▶ **TASK**: An exact reproduction of the records is required, with all images left out.

▶ **EXERCISE INPUTS**:
=-=-=

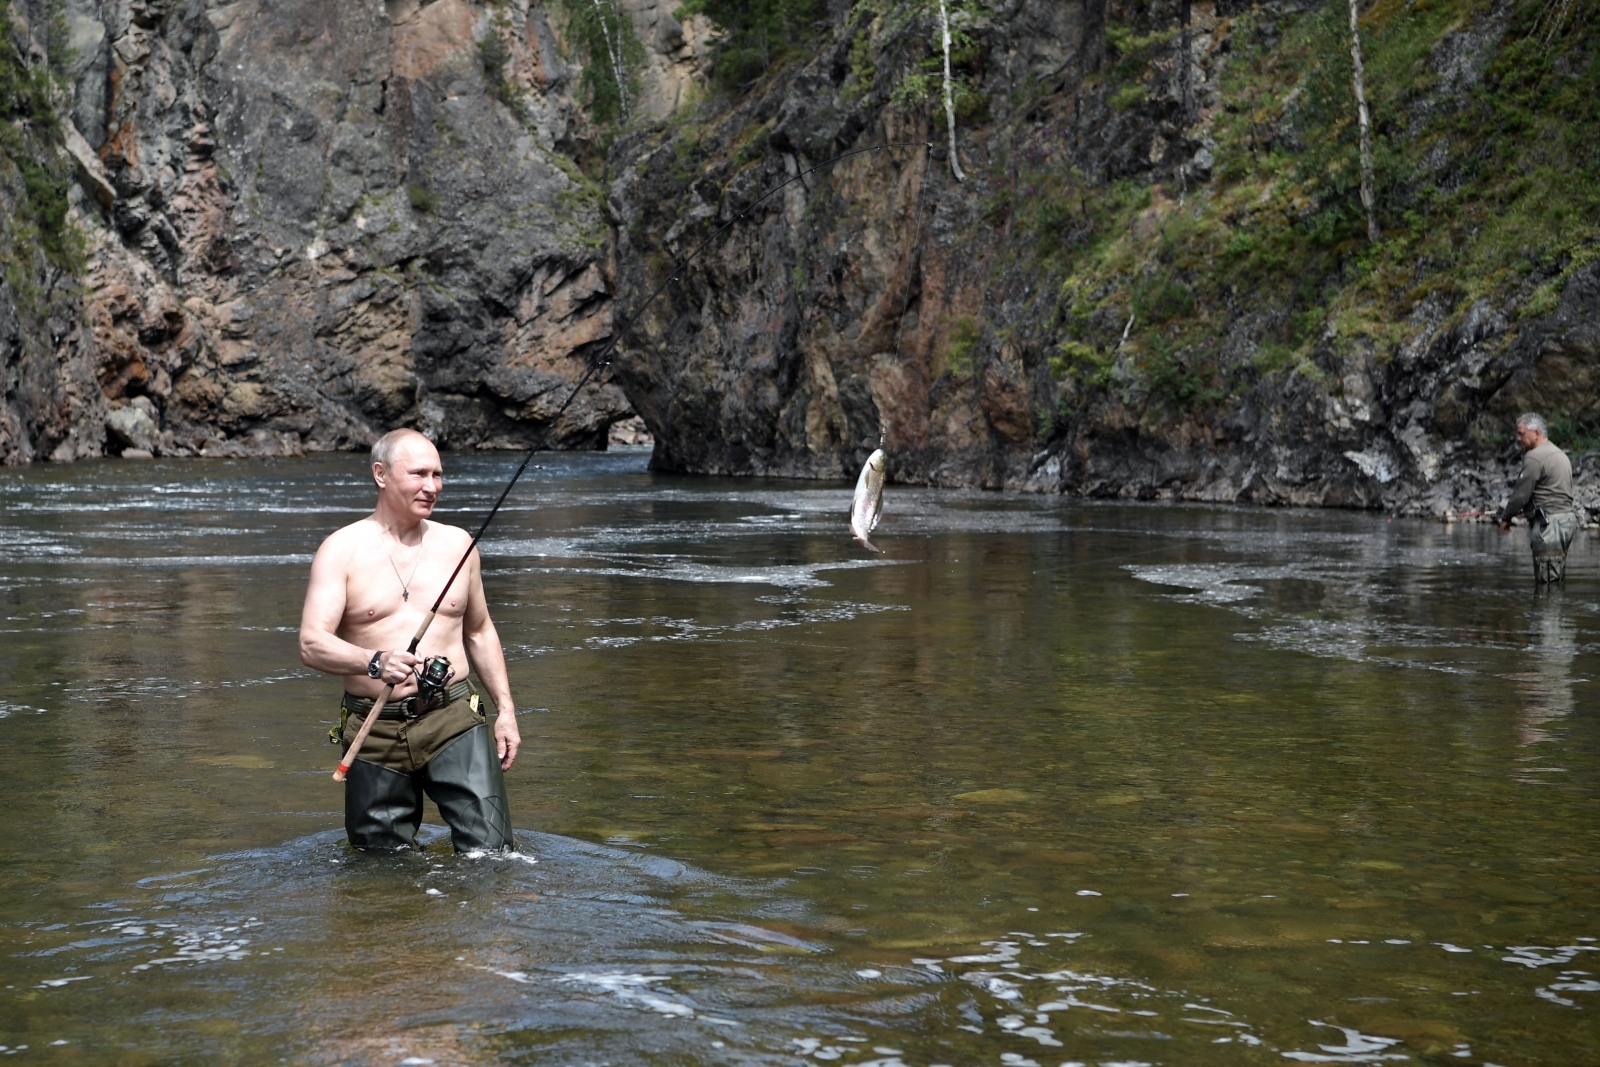 Vladimir Putin fishing
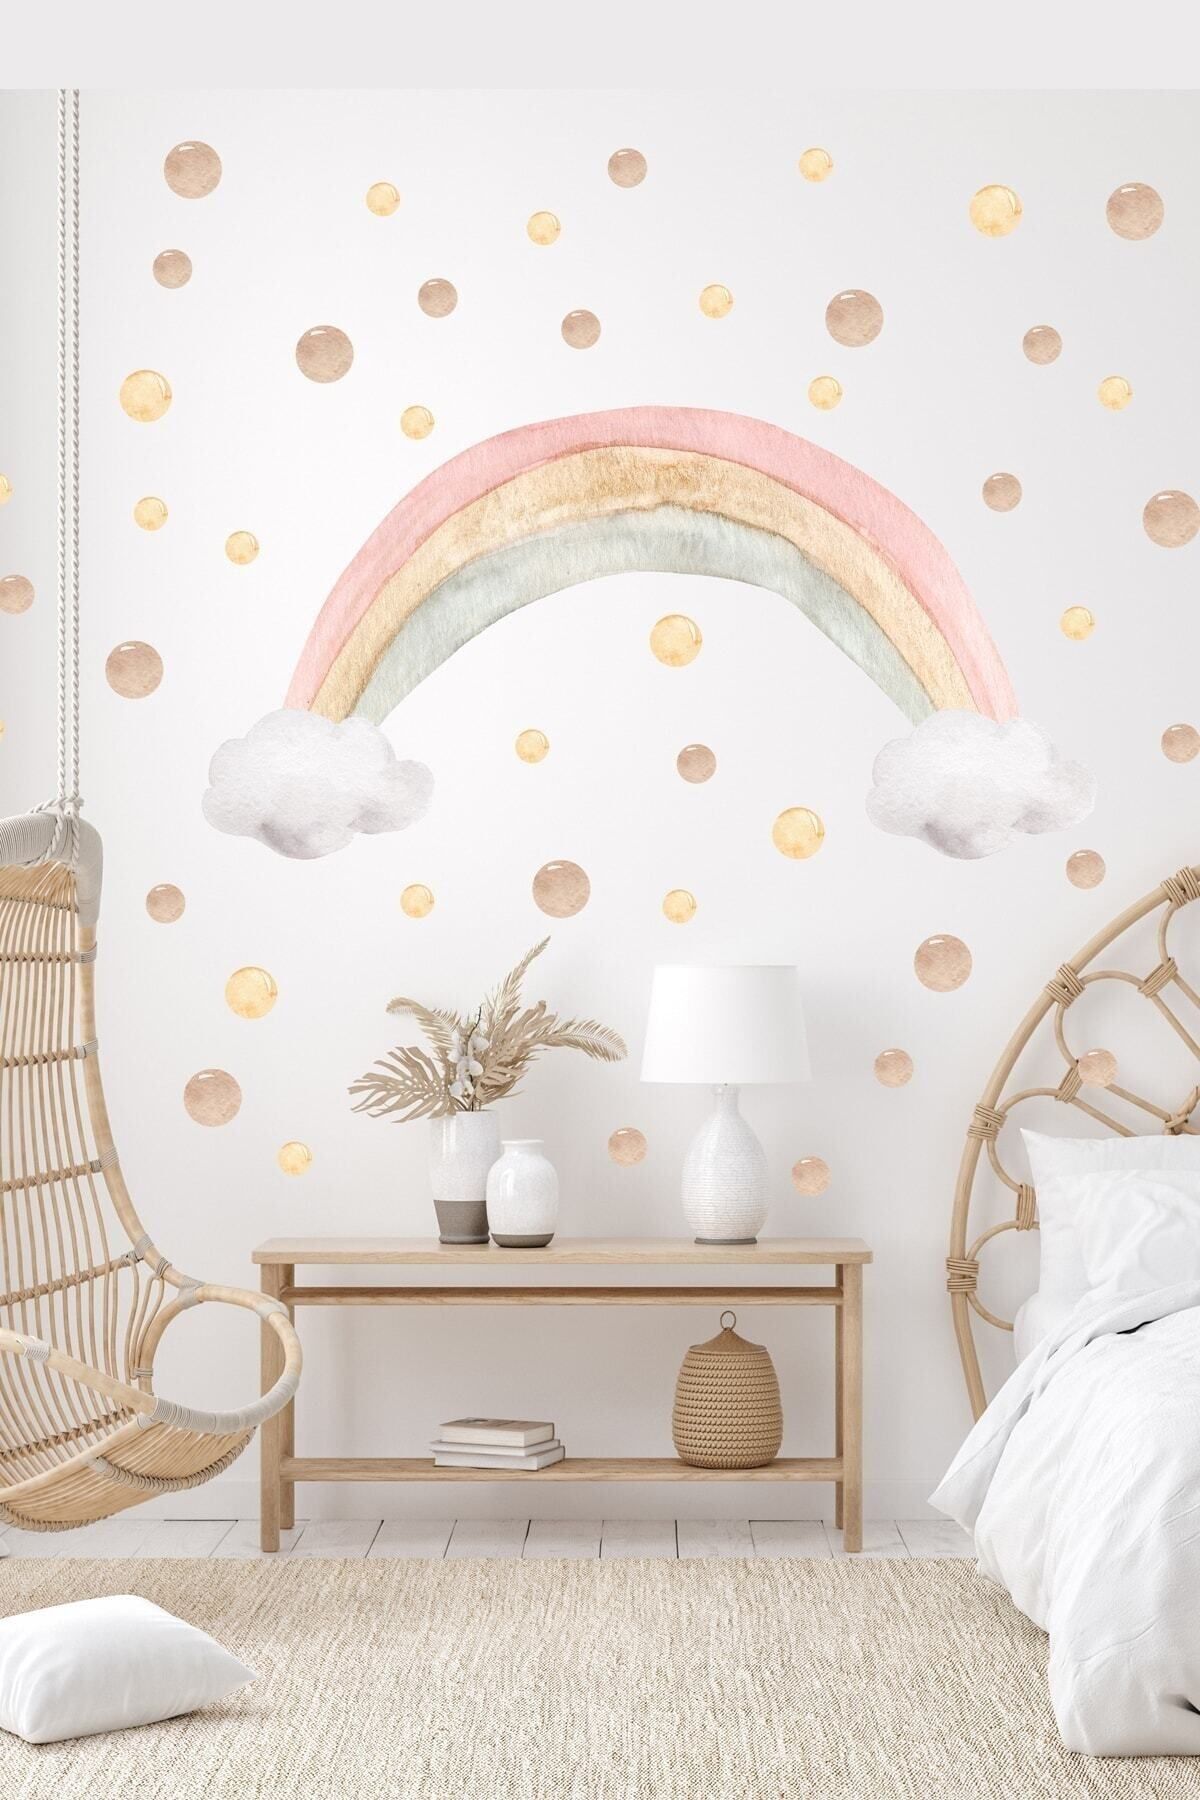 KanvasSepeti Soft Renk Gökkuşağı Ve Kahverengi Tonlarda Puantiyeler Çocuk Odası Duvar Sticker Seti
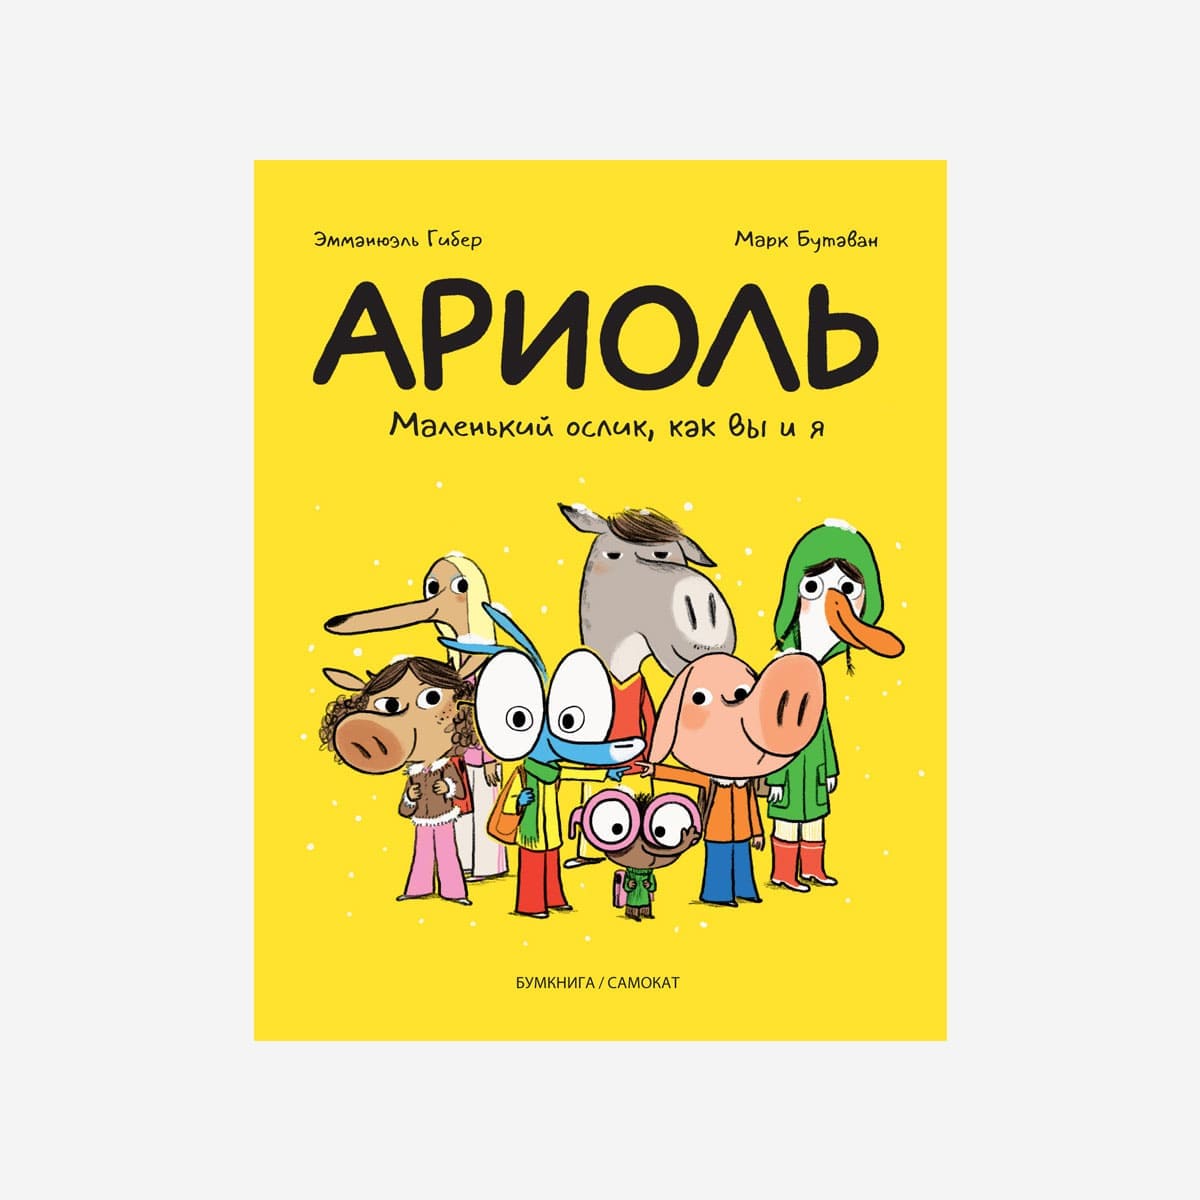 Иллюстратор Марк Бутаван представил в Москве комиксы про ослика Ариоля
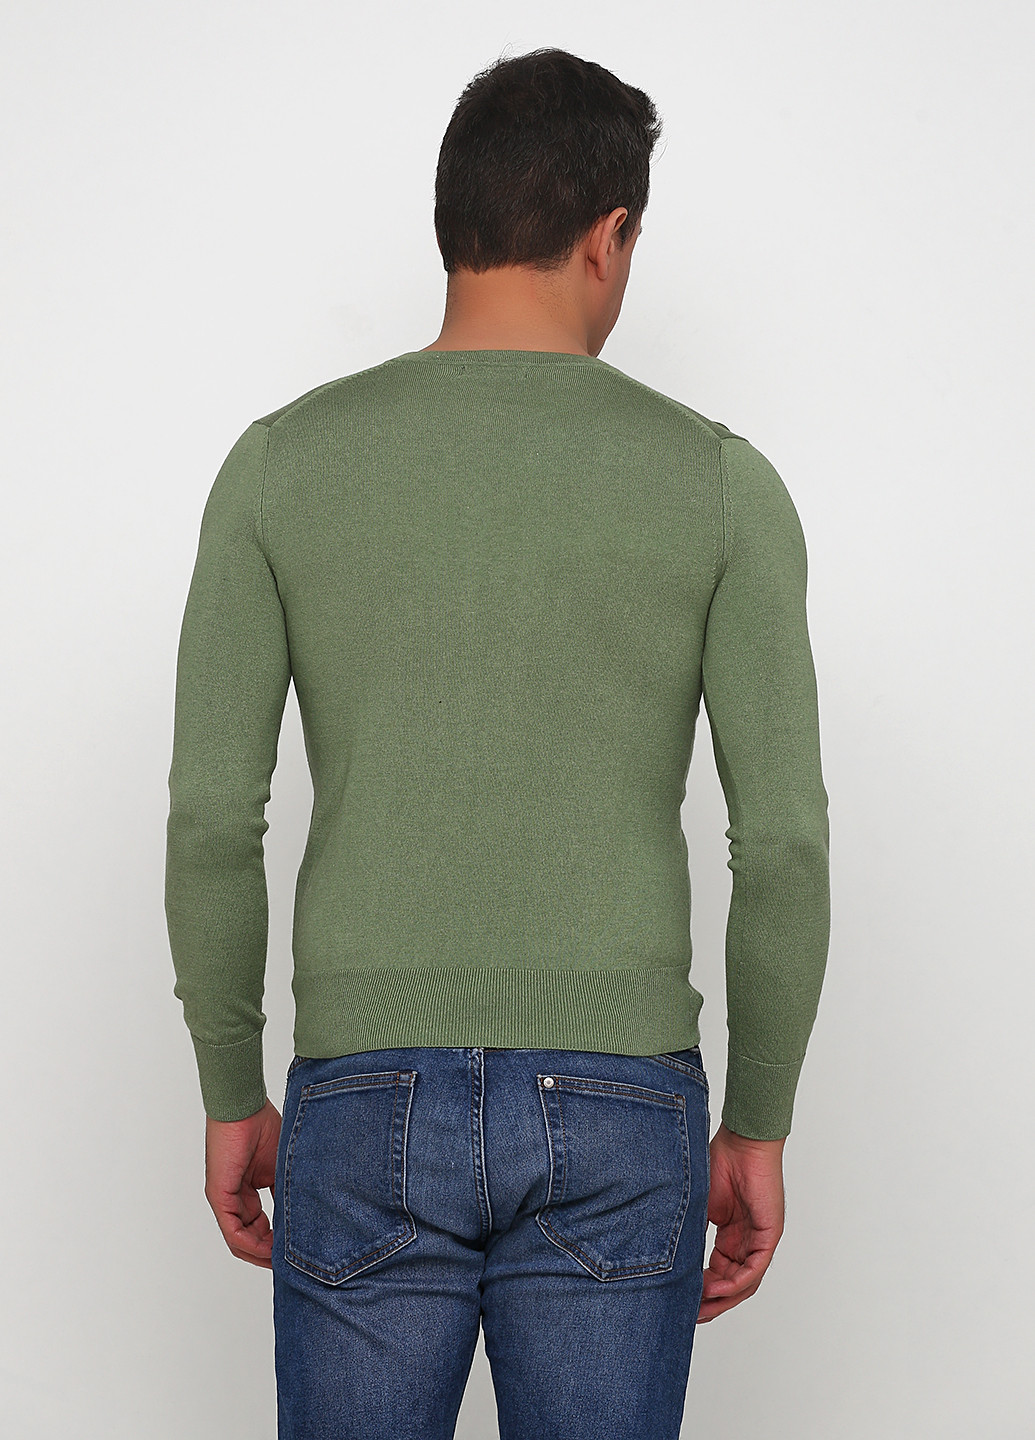 Зеленый демисезонный пуловер пуловер Banana Republic
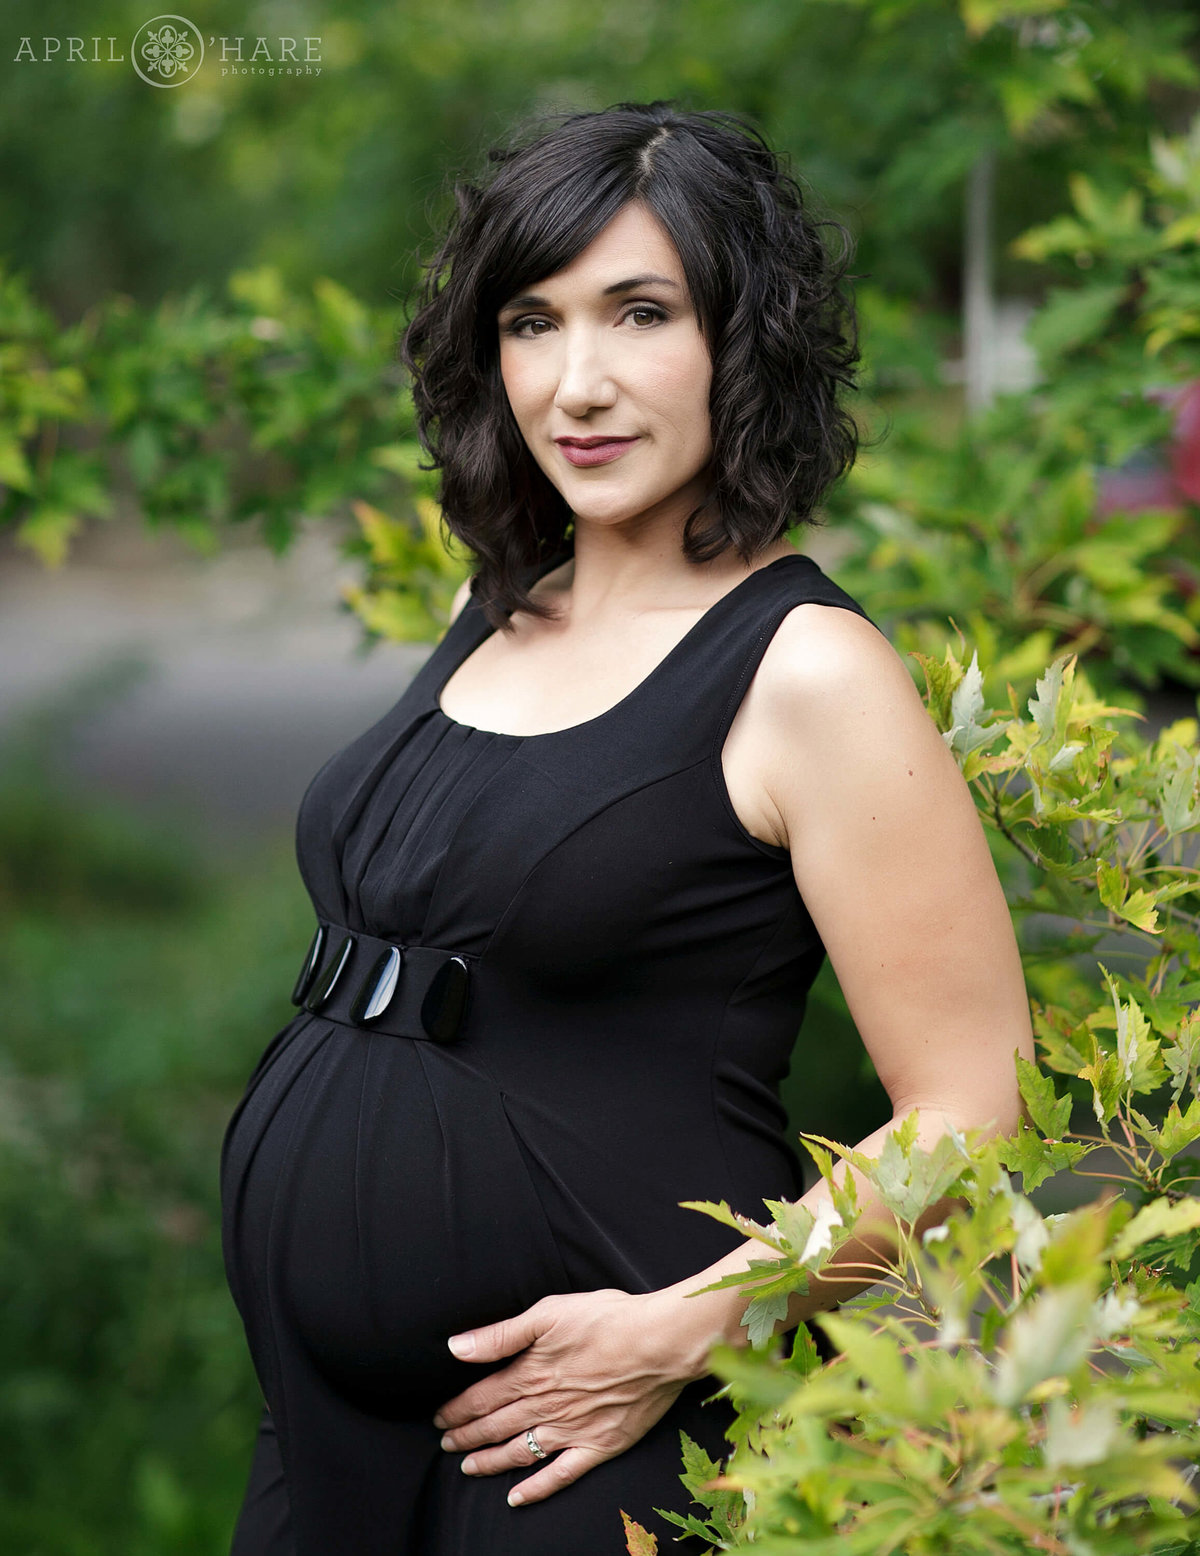 Gorgeous Pregnancy Portrait by Denver Maternity Photographer

=-=-=

▶ **RESULT BELOW**:
 Vladimir Putin fishing
 KanvasSepeti Soft Renk Gökkuşağı Ve Kahverengi Tonlarda Puantiyeler Çocuk Odası Duvar Sticker Seti
 Иллюстратор Марк Бутаван представил в Москве комиксы про ослика Ариоля
 Зеленый демисезонный пуловер пуловер Banana Republic
 Gorgeous Pregnancy Portrait by Denver Maternity Photographer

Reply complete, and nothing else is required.